The integration of two measurement technologies, oil debris analysis and 
vibration, results in a system with improved damage detection and decision-making 
capabilities. Vibration and oil debris data were collected from experiments in the NASA 
Glenn Spur Gear Fatigue Rig. Oil debris and vibration features were obtained and input 
into a data fusion process. Using fuzzy logic techniques applied to the oil debris and 
vibration data, a simple system model was developed that discriminates between stages 
of pitting wear. Additional tests were run to verify the system detects damage on data not 
used to build the model. Results indicate combining the vibration and oil debris 
measurement technologies improves the detection of pitting damage on spur gears. As a 
result of this research, the diagnostic tools used for damage detection in the NASA Glenn 
Spur Gear Fatigue Rigs have been significantly improved. 

Several other findings were made that will impact the development of health 
monitoring tools for geared systems. The first being, oil debris analysis is more reliable 
than vibration analysis for detecting pitting fatigue failure of spur gears. The second 
finding is that some vibration algorithms are as sensitive to operational effects as they are 
to damage. NA4 Reset was developed as the result of this finding. The third finding is 
that vibration algorithms FM4 and NA4 Reset do not indicate damage progression, but 
the increase in oil debris mass is related to damage progression. The fourth finding is that 
clear threshold limits must be established by the developer of the diagnostic tool if it is to 
be applied to other systems. The development of membership functions for each 
parameter will improve this process. It also enables the end user to replace these 
parameters with their own by adjusting the membership functions. 
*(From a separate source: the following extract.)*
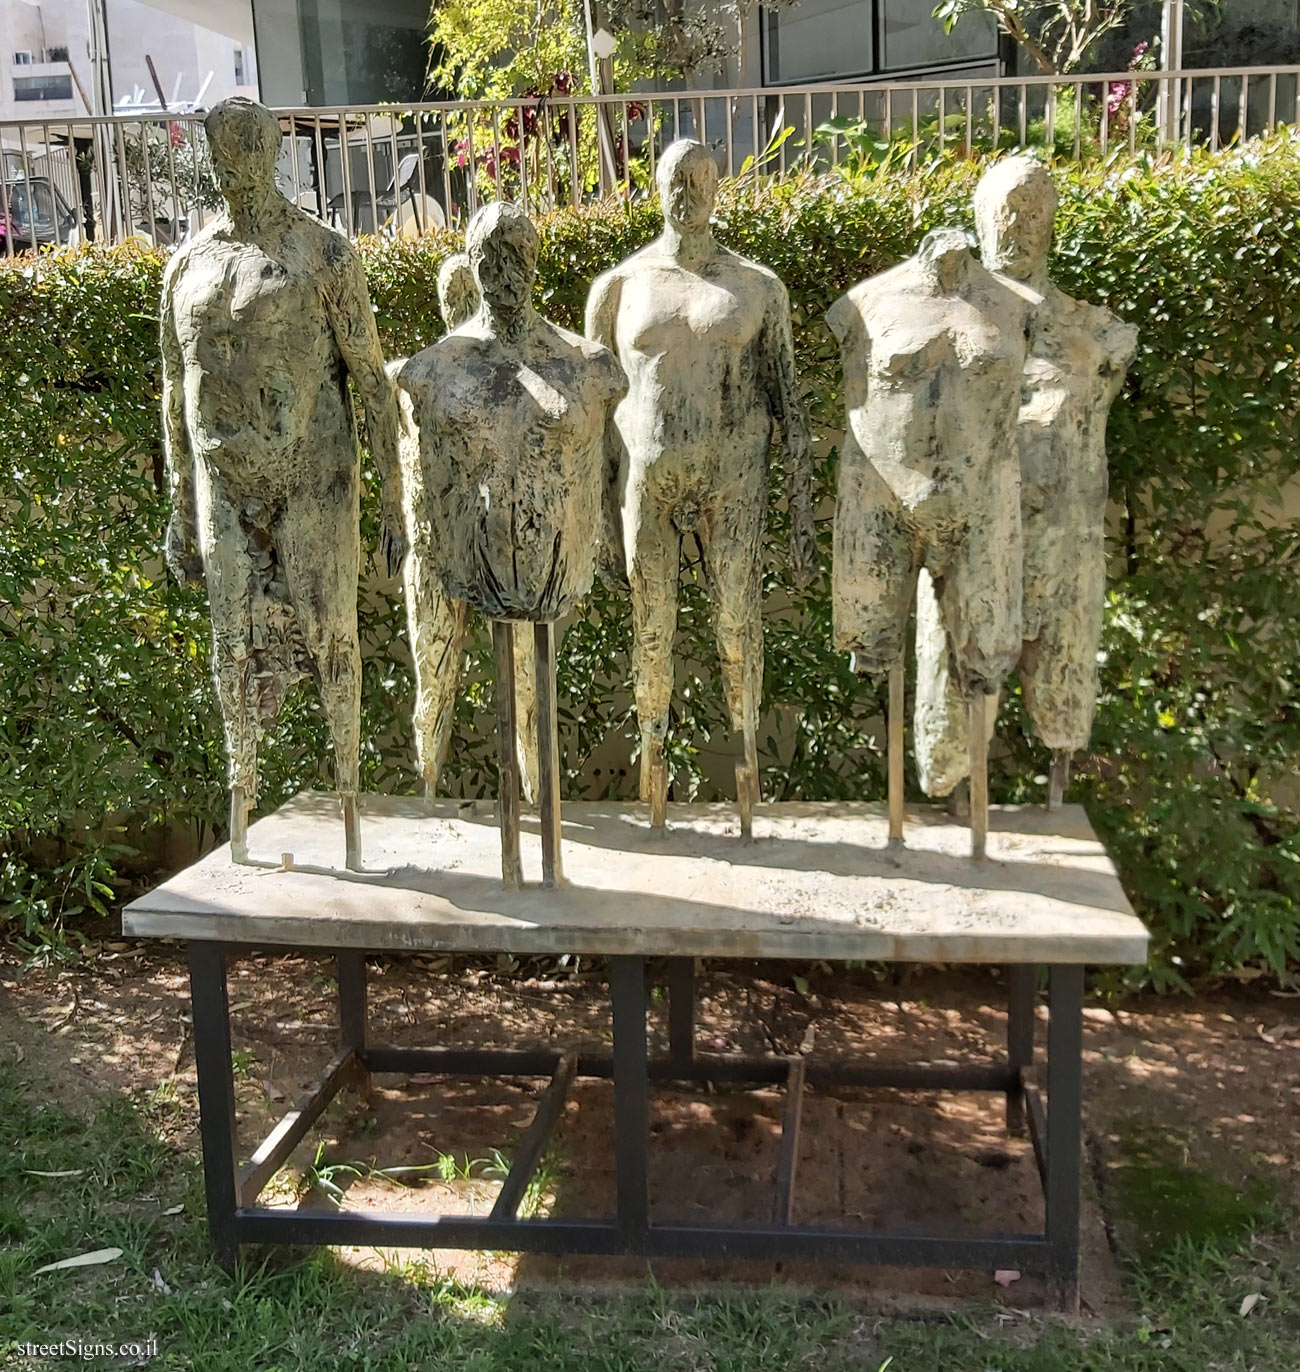 Tel Aviv - Lola Beer Ebner Sculpture Garden - "The Atelier" - Ofer Lallouche - Tel Aviv Museum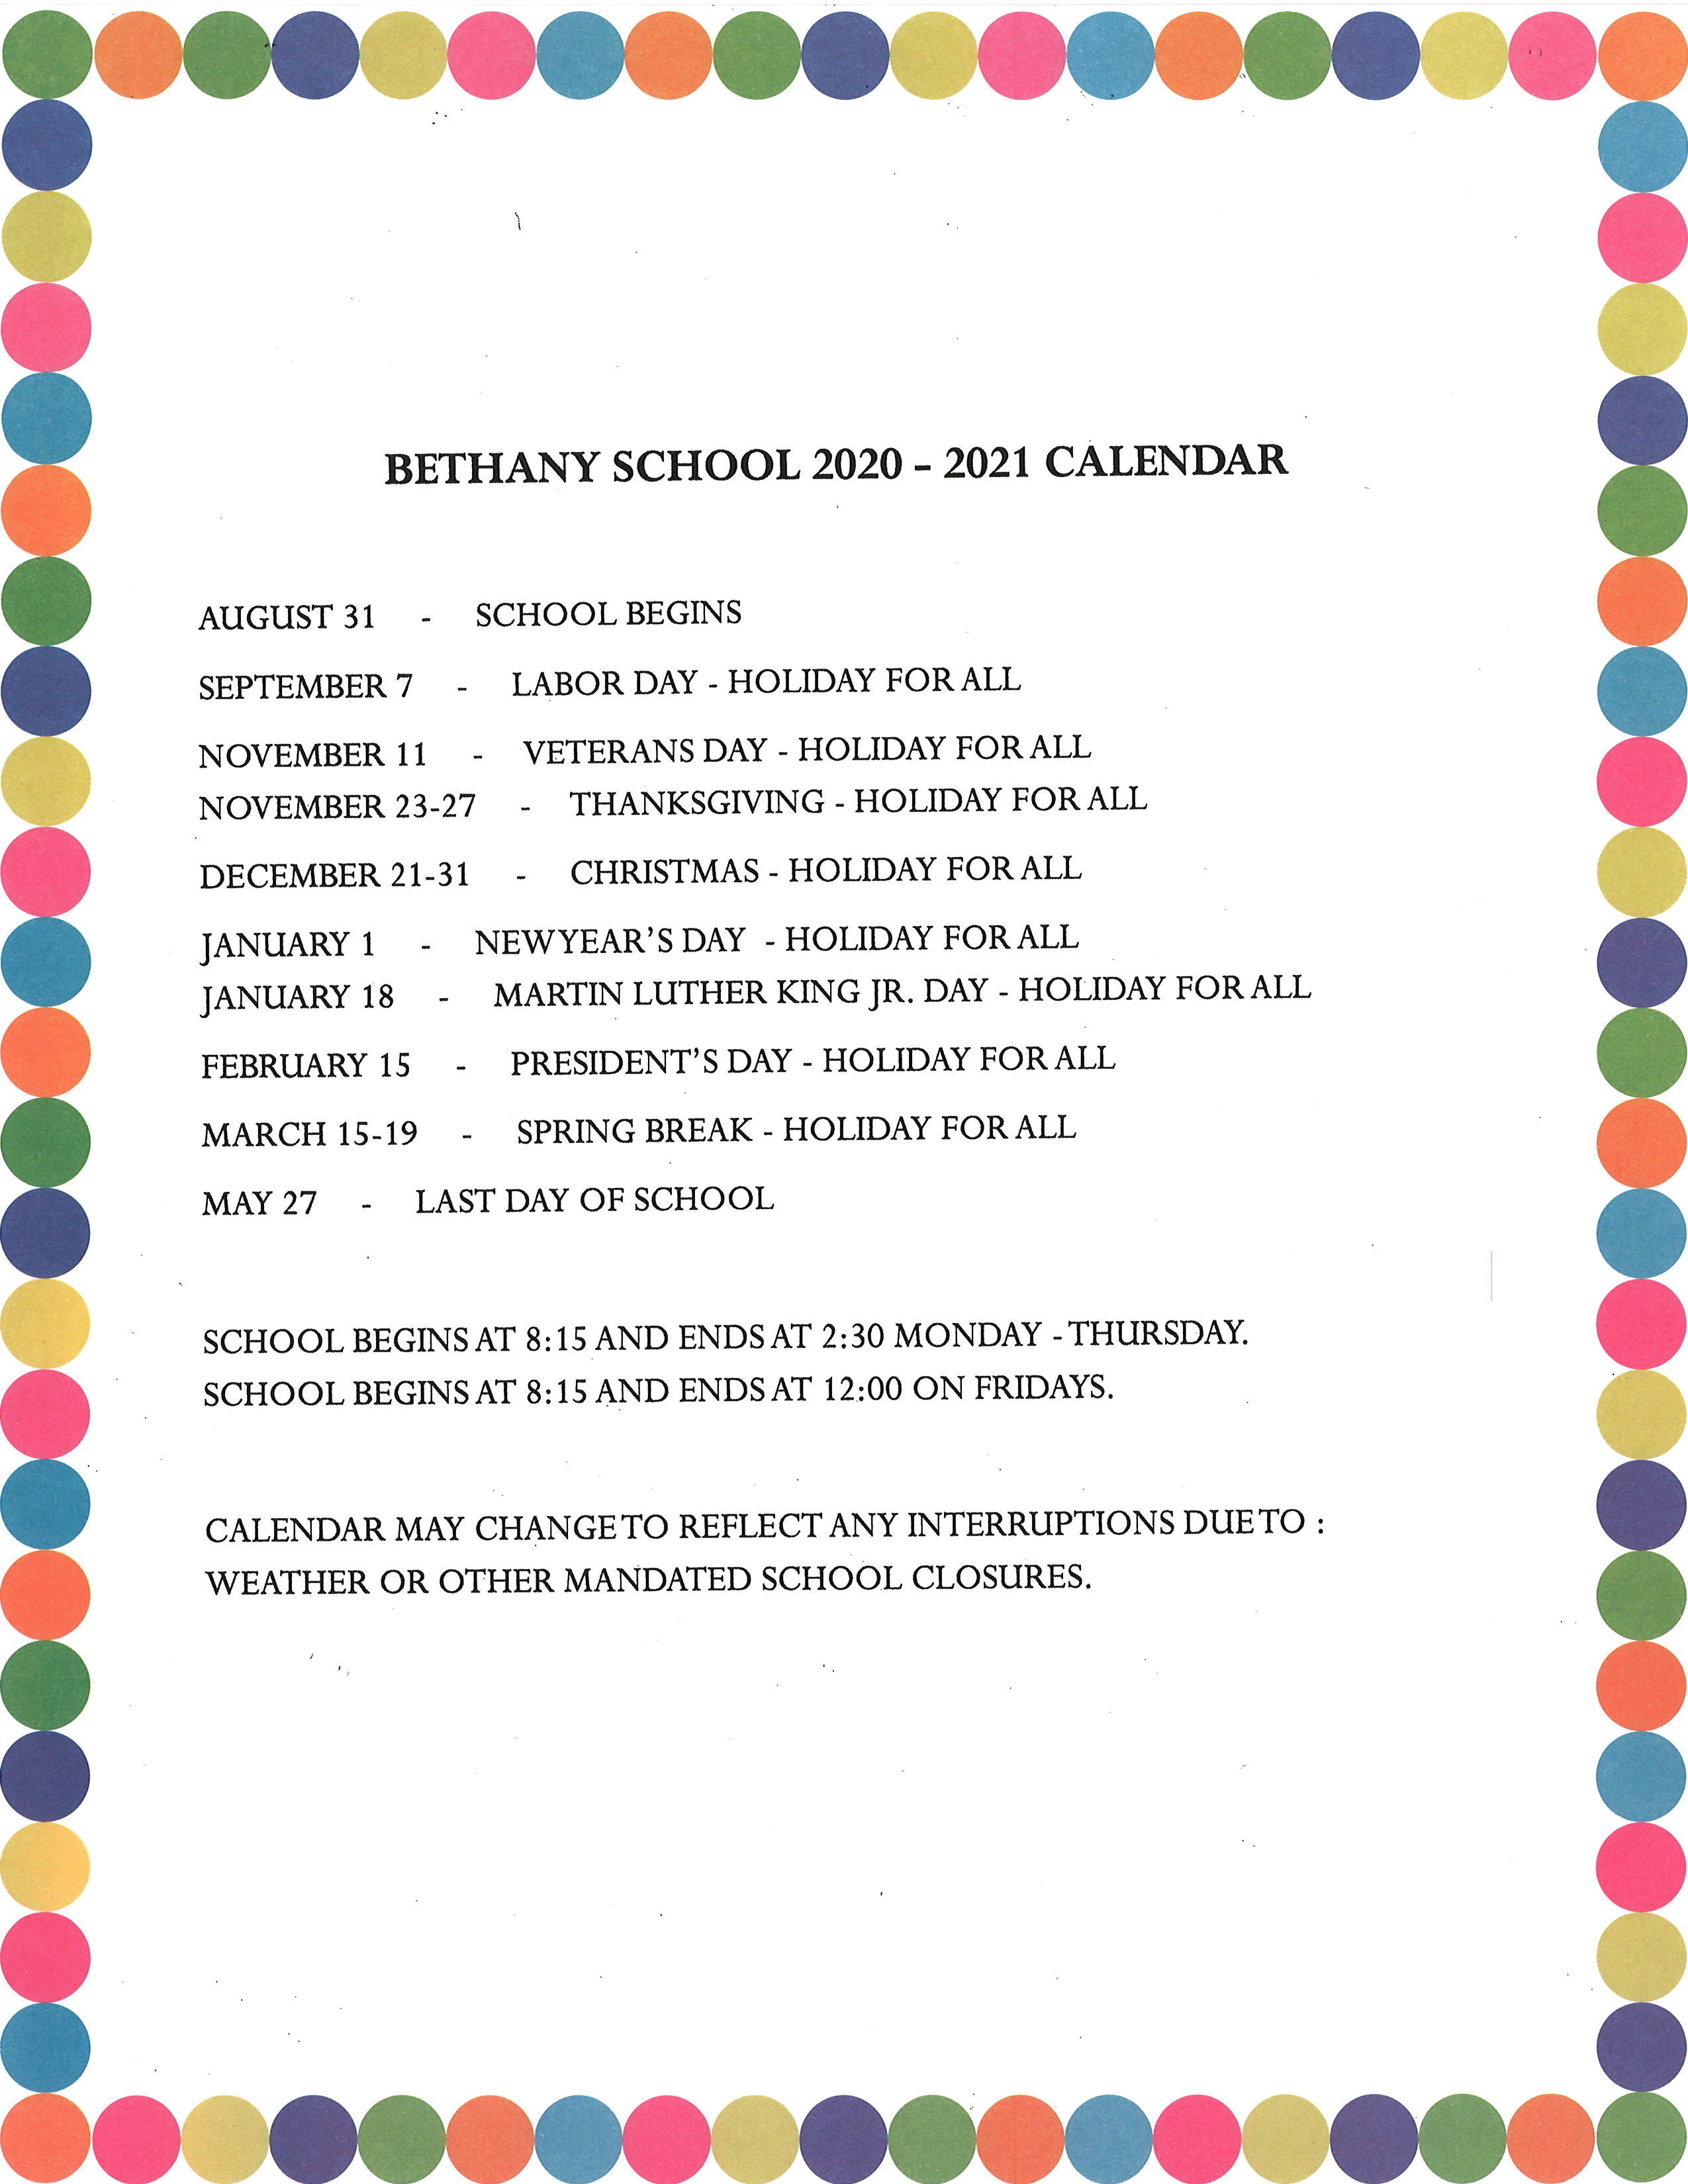 Bethany School Website > School Calendar

The study also identified some of the challenges in the area of diagnostics. First, 
one of the reasons it is difficult to develop reliable diagnostic tools is the lack of damage 
data. In many instances, diagnostics are developed based on one or two data sets in 
controlled environments that do not perform well in the harsh environment a helicopter 
transmission experiences. A database of continuous transitional data from a normal state 
to a failed state must be understood. Unfortunately, this data is not readily available and 
diagnosticians must settle for failure progression data under documented conditions 
(Becker, et al. (1998)). The data collected in support of this thesis in the NASA Glenn 
Spur Gear Fatigue Rig will improve the diagnostics used when performing spur gear 
fatigue tests. Validation in the field under varying environmental conditions is required 
before benefits to helicopter safety can be claimed. However, the concepts described 
herein may be applicable to other rotating equipment using other measurement 
technologies. 

The second point is also related to the limited damage data. A set of standard 
metrics to quantify the performance of each diagnostic tool does not currently exist.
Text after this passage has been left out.